Pclass and Fare have a strong negative correlation of -0.55. Higher class (lower number) means higher fare - these two variables are largely measuring the same underlying thing from different angles. Including both in a predictive model would introduce redundancy.

Pclass and Survived correlate at -0.36. Lower class (higher number) meant lower survival probability. Combined with the fare finding, the pattern is consistent: economic status was a strong factor in survival outcomes.

SibSp and Parch correlate at 0.38 with each other - both are family size measures (siblings/spouses and parents/children respectively), so that's expected. Neither correlates strongly with survival.

Age shows weak correlations with most variables. The scatter plot suggested this - age alone doesn't predict much here.

What the Analysis Showed

The scatter plot made one thing immediately visible: fare paid is a strong visual separator between survivors and non-survivors. Age is not - survivors and non-survivors are spread across the full age range at every fare level.

The heatmap made the structure clearer. Sex_encoded is the single strongest numeric predictor of survival (0.54). Pclass and Fare are highly correlated with each other (-0.55) and both correlate with survival - Pclass at -0.36, Fare at 0.27. Age correlates weakly with almost everything.

These findings align with the historical record - women and first-class passengers had priority access to lifeboats. The data reflects that. What's useful about the visualisation step is that it surfaces these patterns before any modelling - the charts carry the finding without needing a classifier.
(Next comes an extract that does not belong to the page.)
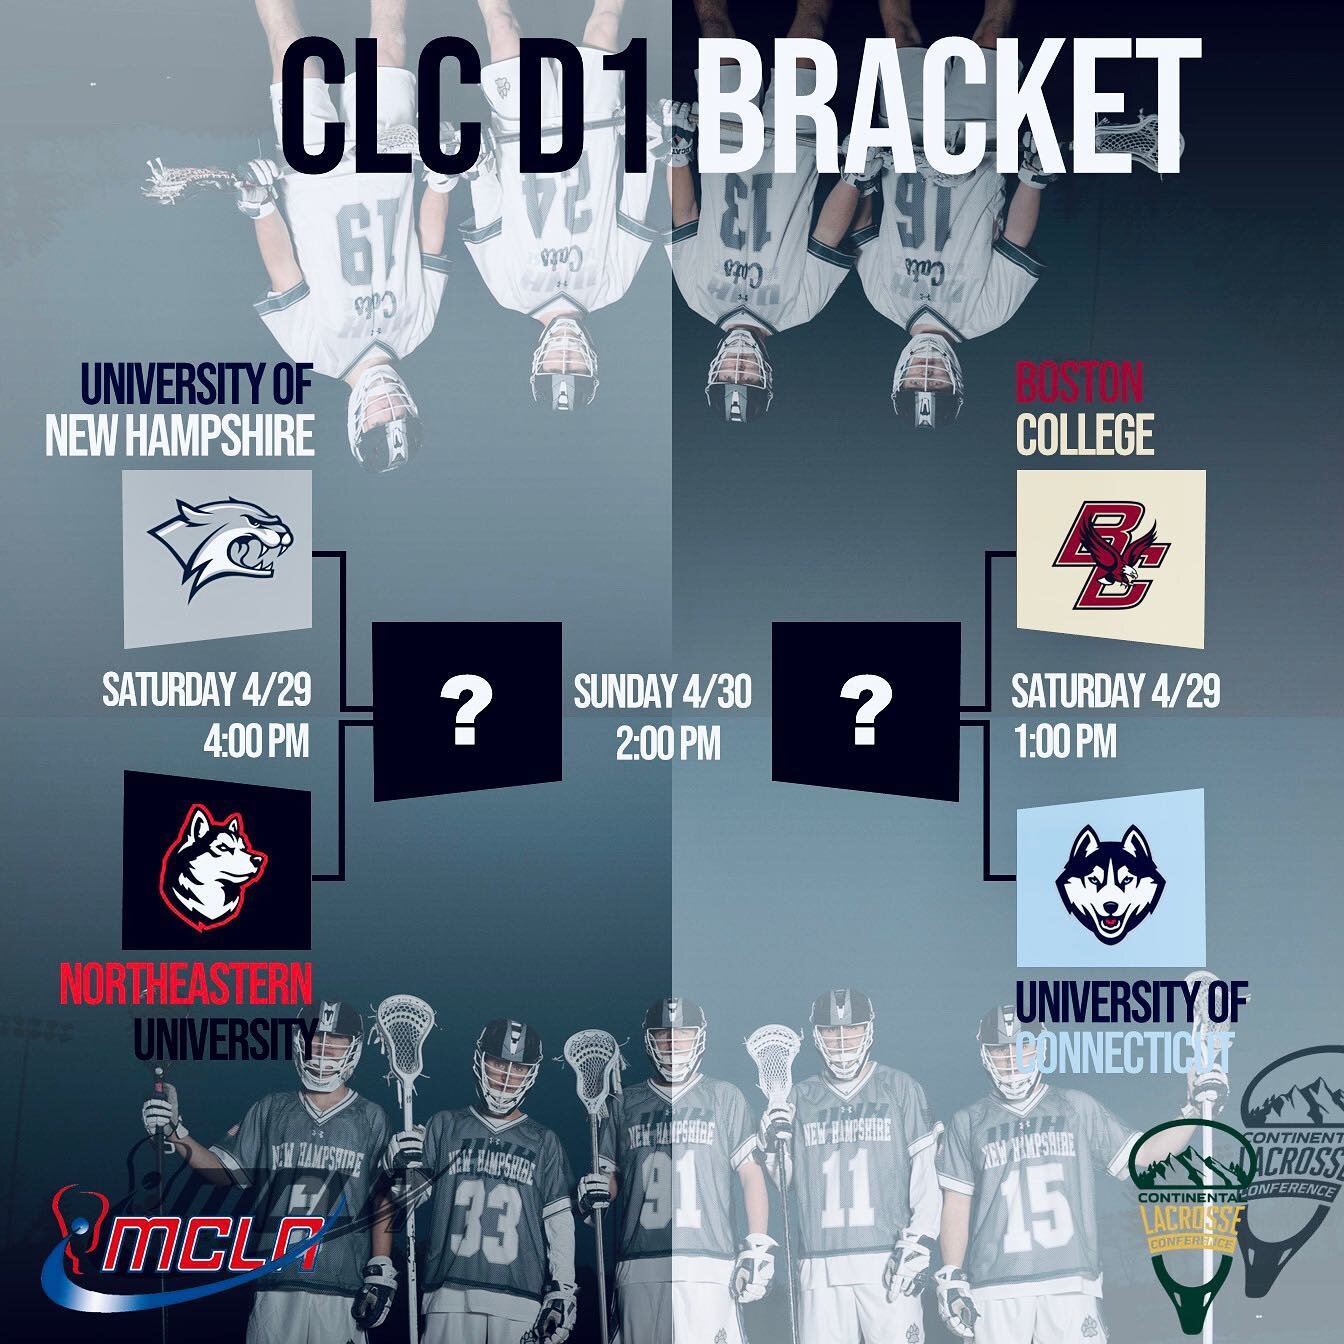 Tomorrow the cats take on the huskies for the first matchup of the CLC playoff tournament series. #clc #gocats

One thing I find worth noting: the analysis above is descriptive, not causal. The correlations say which variables move together, not why. Pclass correlating with Survived doesn't prove that passenger class caused differential survival rates - it's consistent with that explanation, but other variables (location of cabin relative to lifeboats, boarding port, social connections to crew) aren't in this dataset and could be confounding.

That distinction - correlation versus causation - is easy to state but genuinely easy to forget in practice when the numbers look clean and the story is compelling.

What I Took from This

pandas' DataFrame is the standard container for tabular data in Python. The audit steps - shape, dtypes, null counts, describe - are the same every time, regardless of the dataset.
Missing values require a decision, not just a default. The right choice depends on what you're doing with the data. Dropping versus imputing have different implications and shouldn't be made automatically.
A scatter plot with colour encoding is one of the most information-dense single charts available. It shows two continuous relationships and a categorical distinction simultaneously.
A correlation heatmap gives a fast structural overview of a dataset. It surfaces redundant variables (high mutual correlation) and strong predictors (high correlation with the outcome variable) before any modelling work begins.
Correlation is not causation. The pattern in this data is real and interpretable, but the data doesn't contain everything that influenced survival. Clean correlations in a small dataset are not the same as established causal relationships.
Data provenance matters. The questions to ask before analysing any dataset: where did it come from, who collected it, what's missing, and what might have been excluded.